> **What you have to do**: Could the listing below be returned exactly, with its pictures left out?

Segment Start: Data excerpt

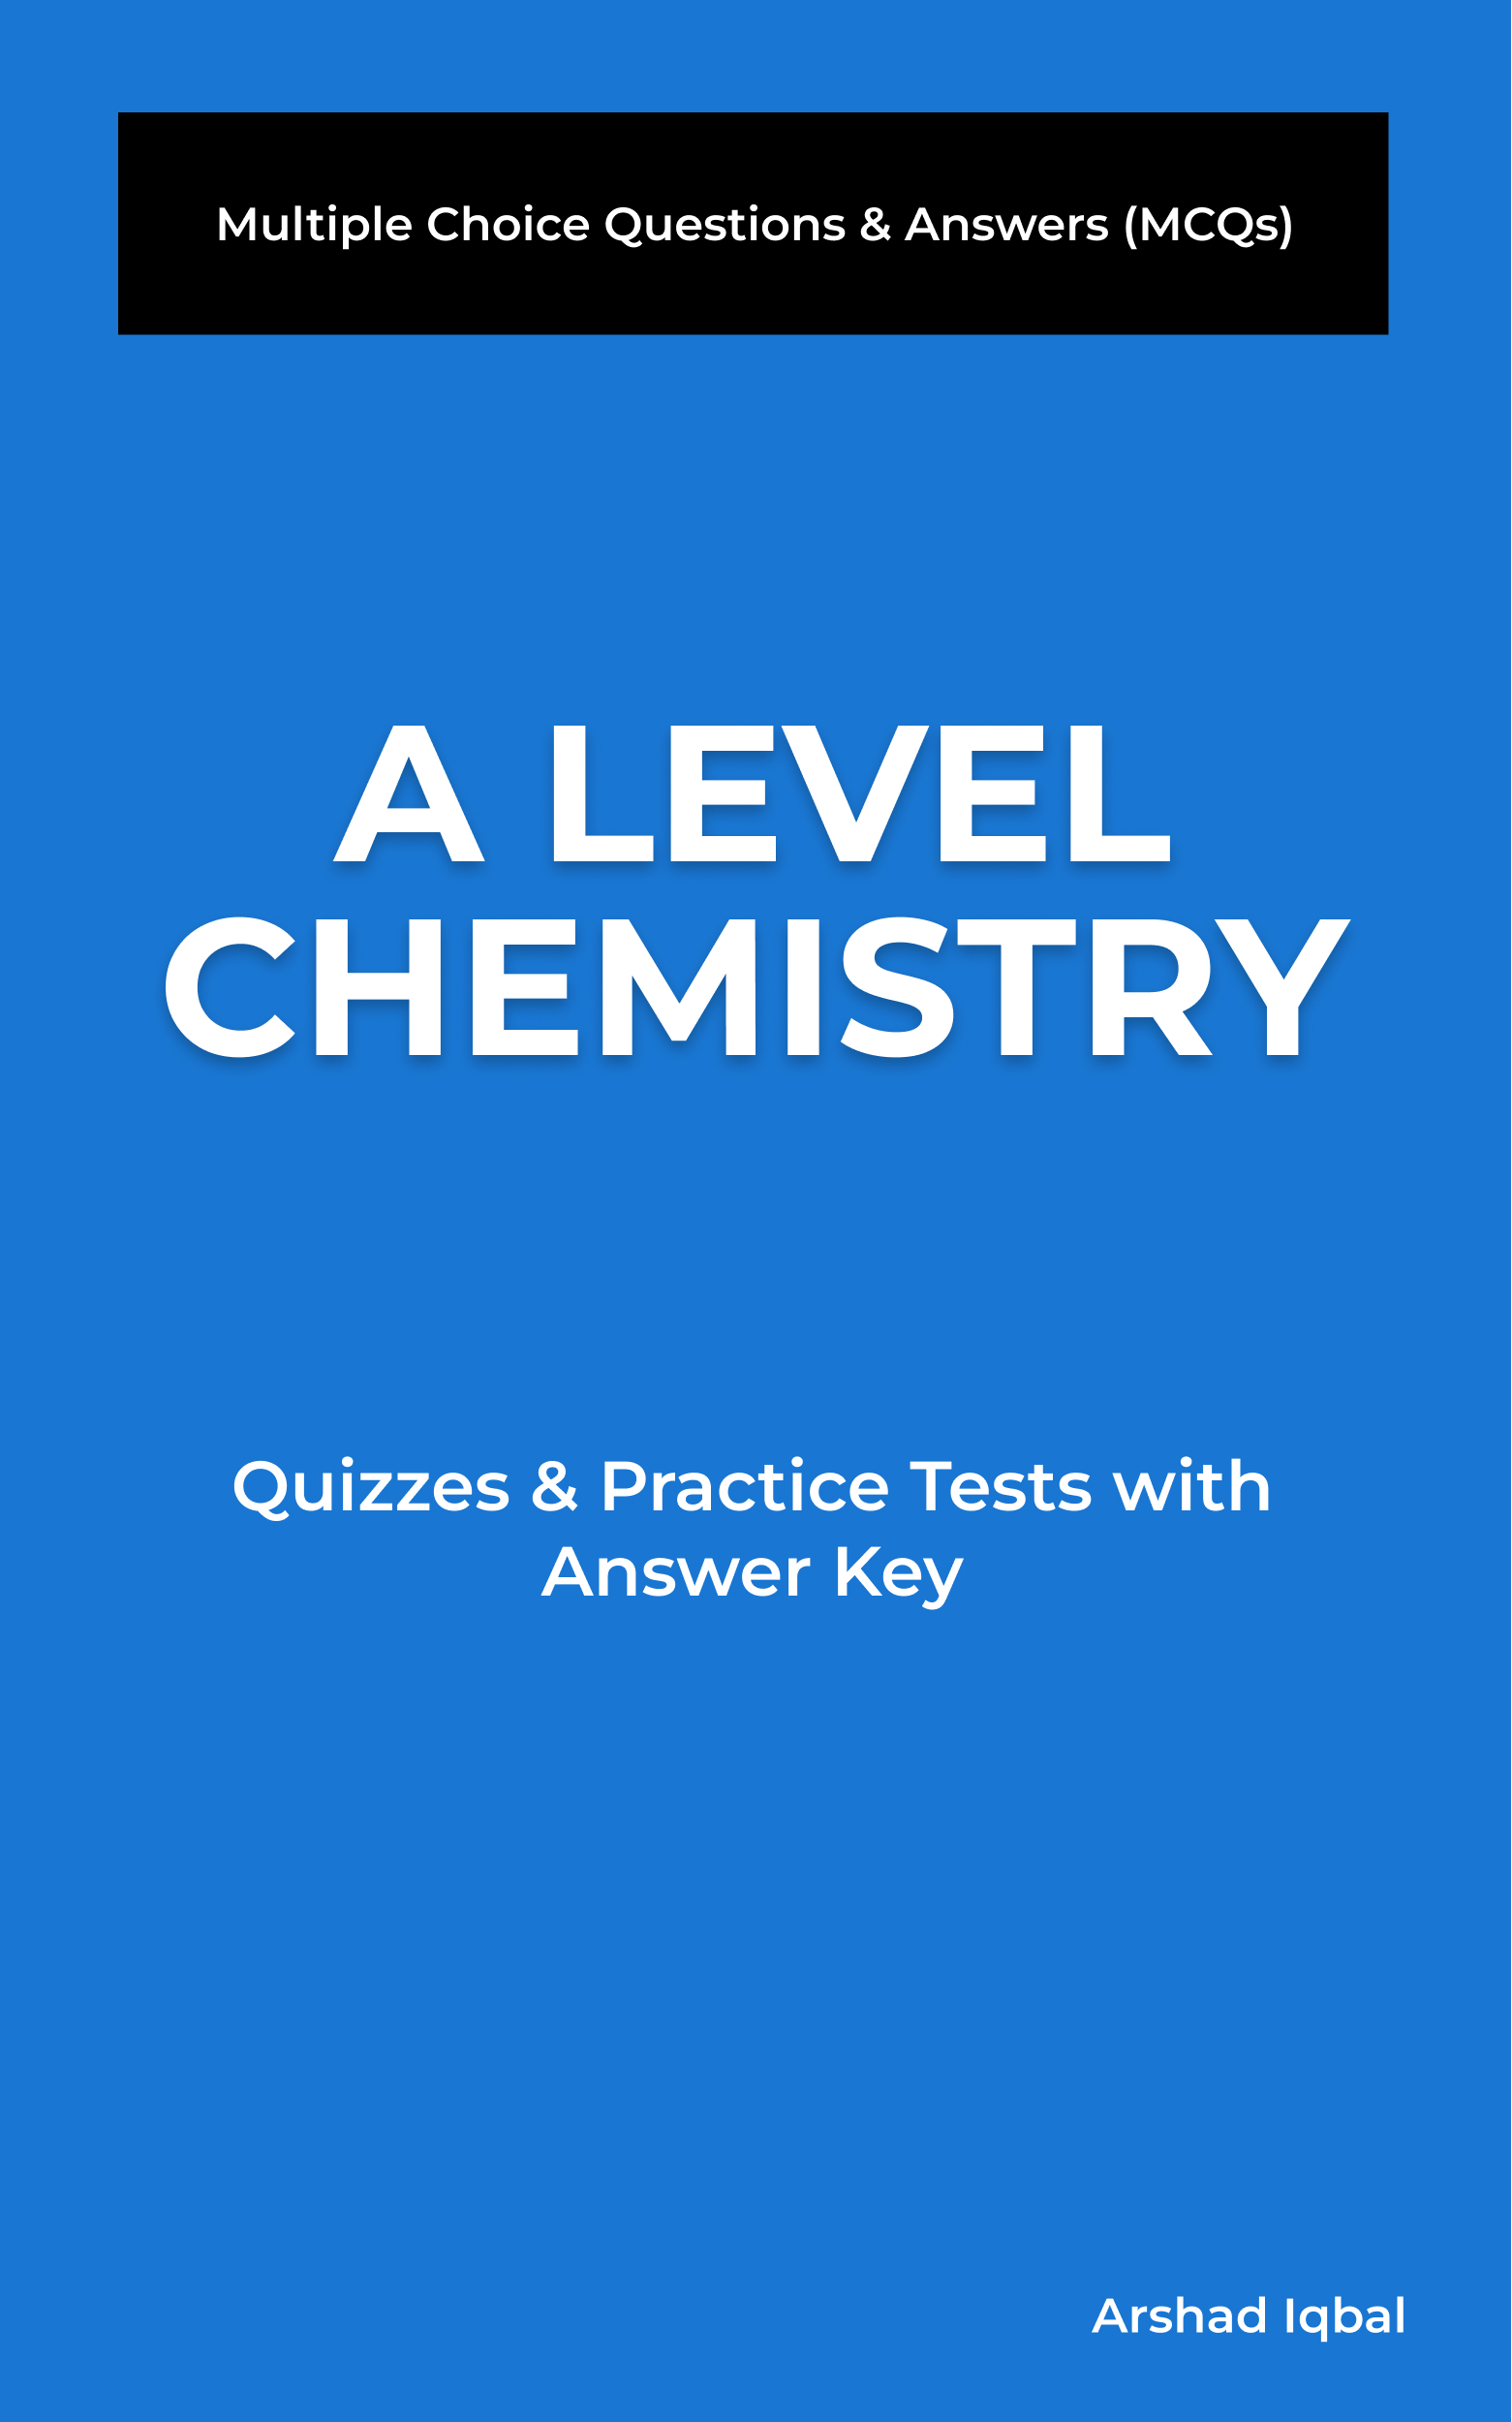 A level Chemistry MCQ Book PDF
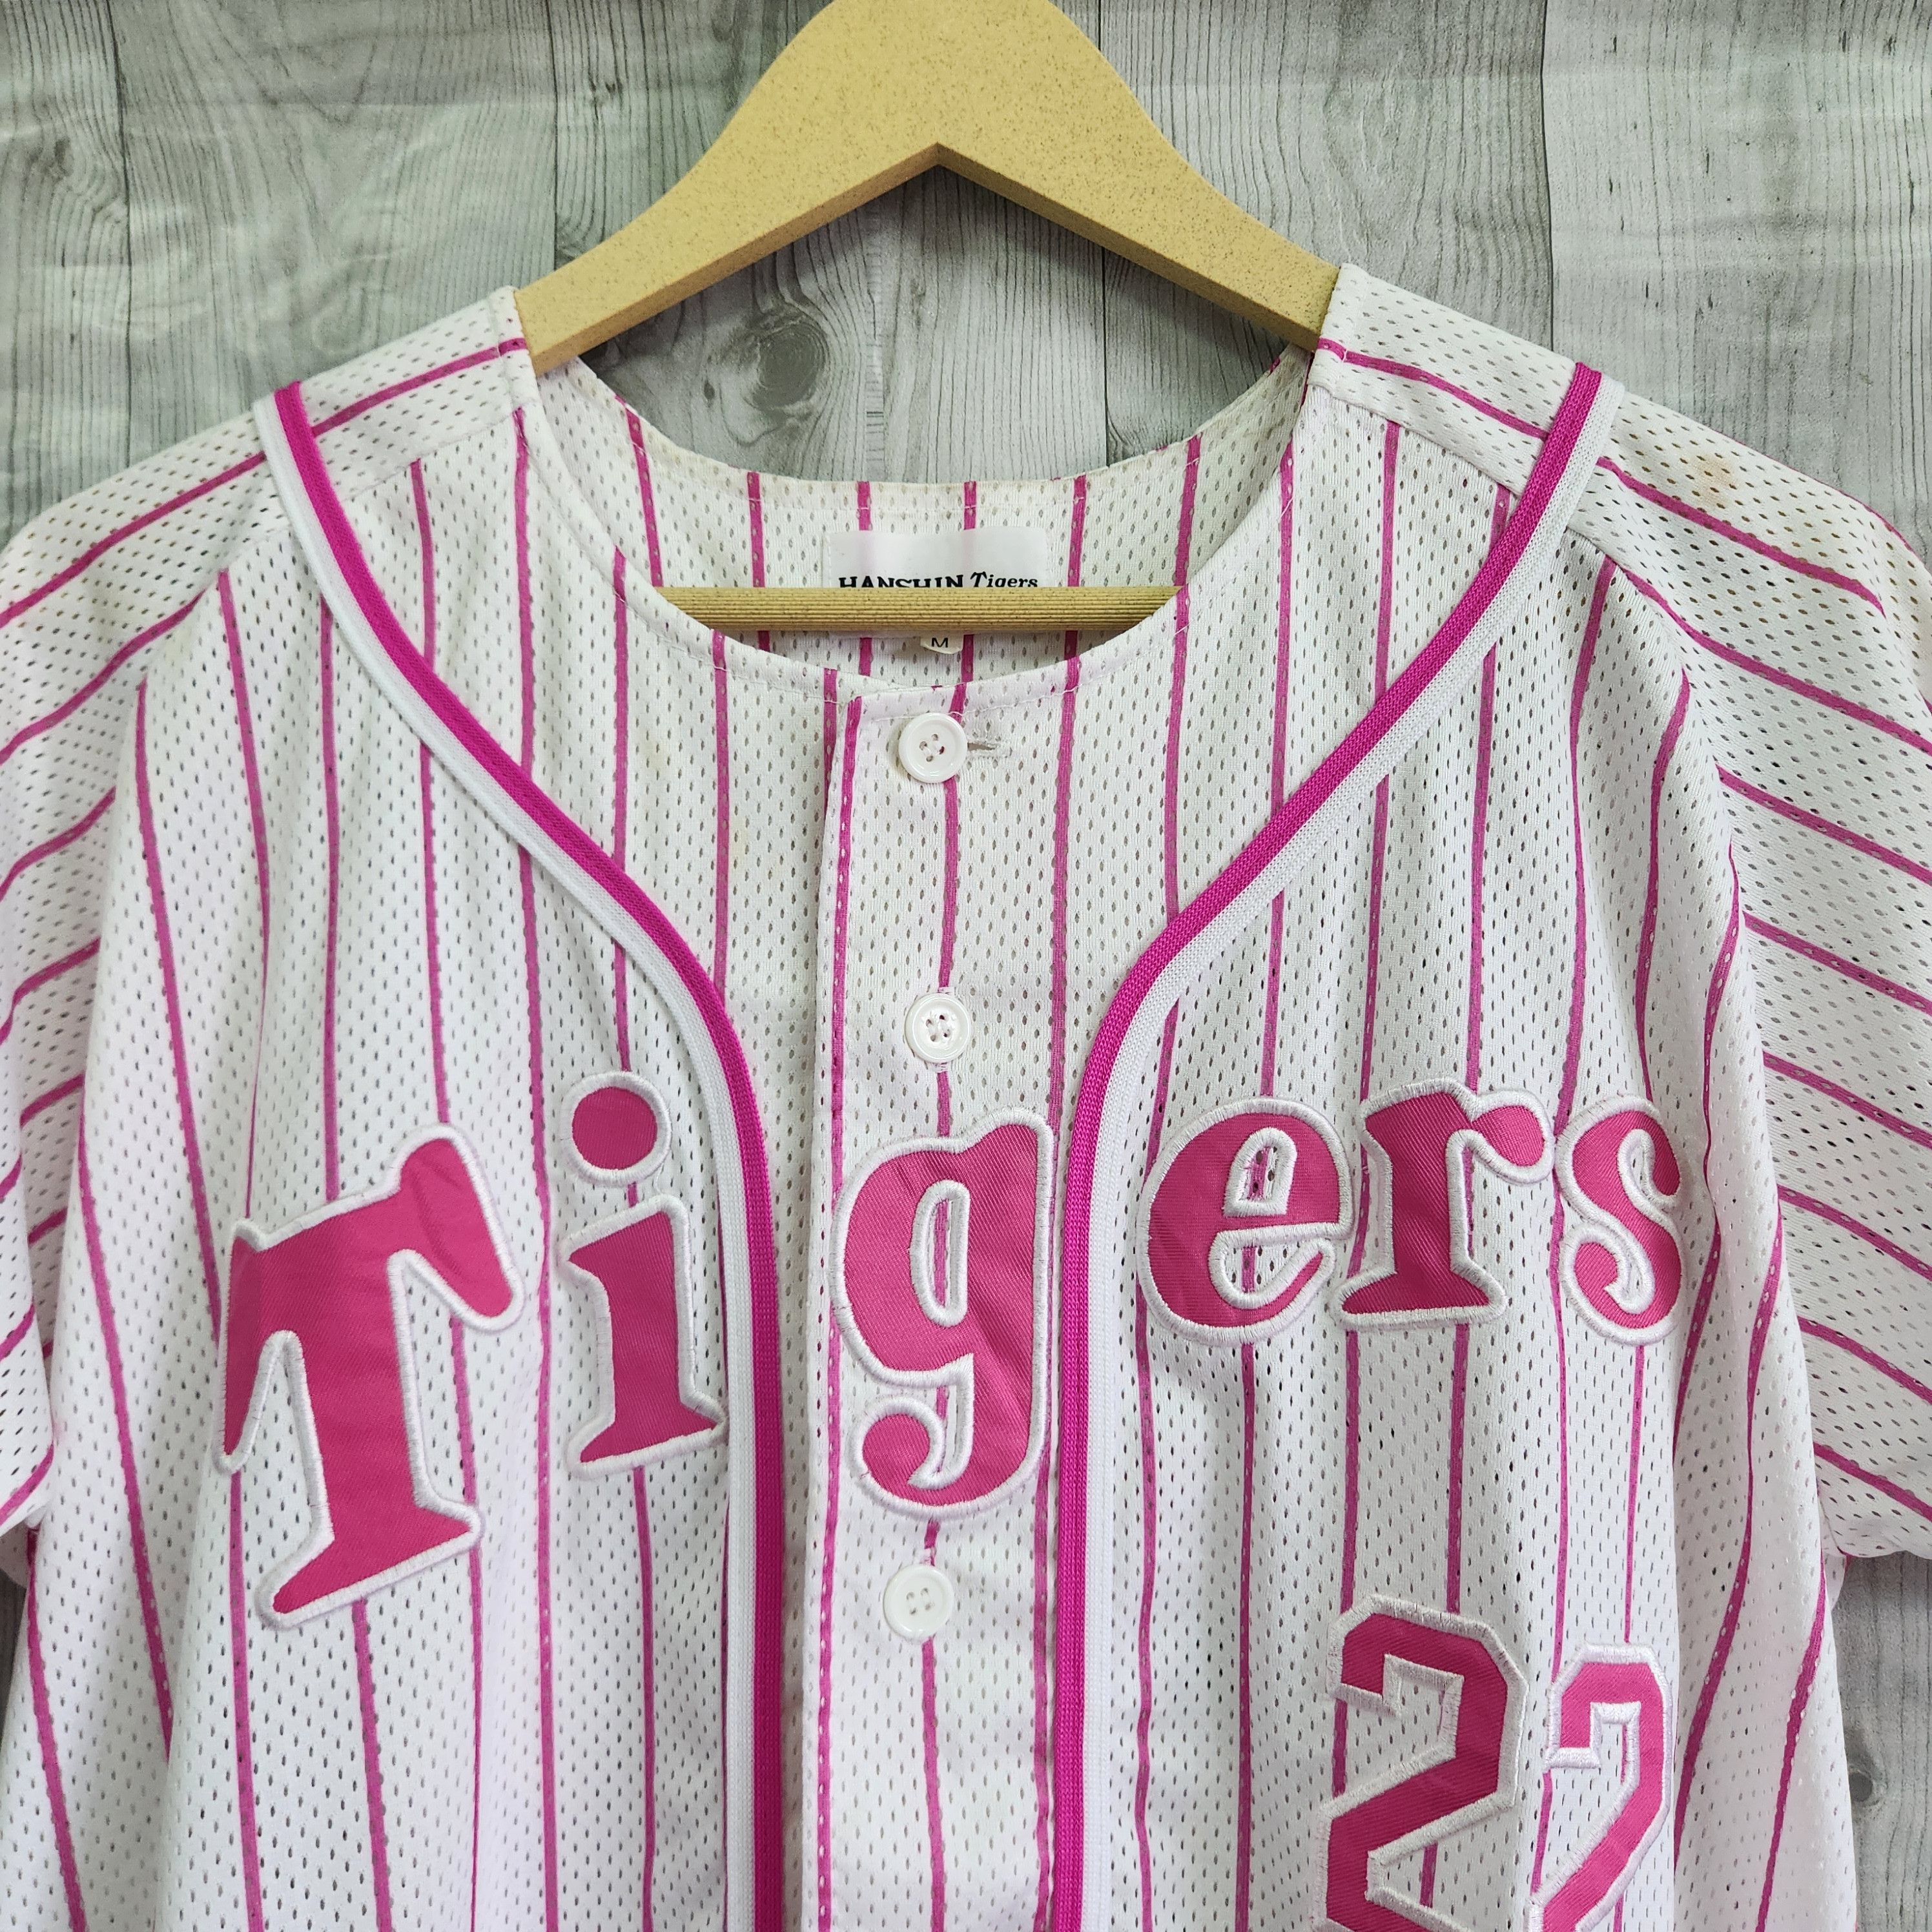 STEALS Hanshin Tigers Vintage Y2K Baseball Jersey 22 Japan - 8
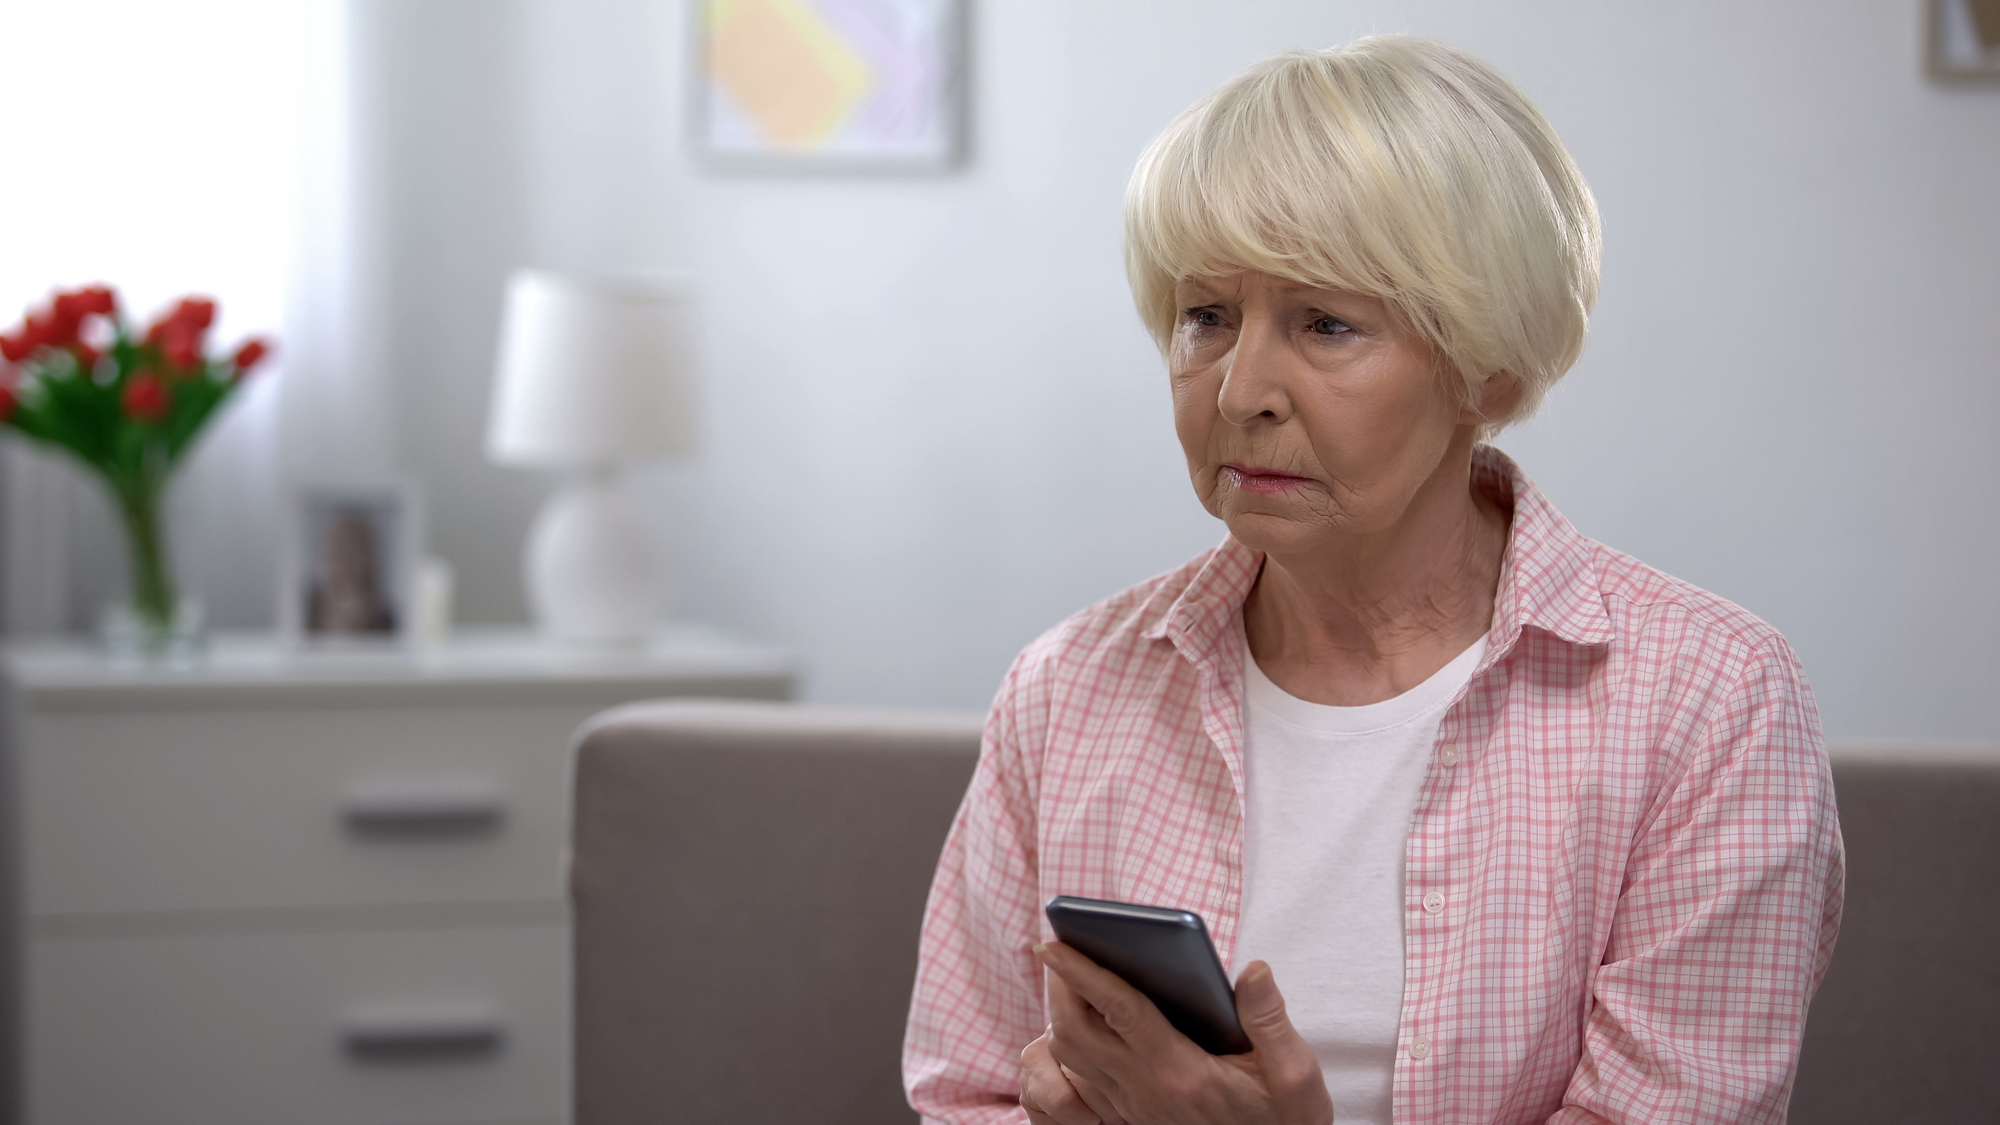 Depressed elderly woman holding smartphone, bad news from relatives, melancholy

Segment End: Data excerpt

> **Result for this task**:
 A level Chemistry MCQ Book PDF
 STEALS Hanshin Tigers Vintage Y2K Baseball Jersey 22 Japan - 8
 Depressed elderly woman holding smartphone, bad news from relatives, melancholy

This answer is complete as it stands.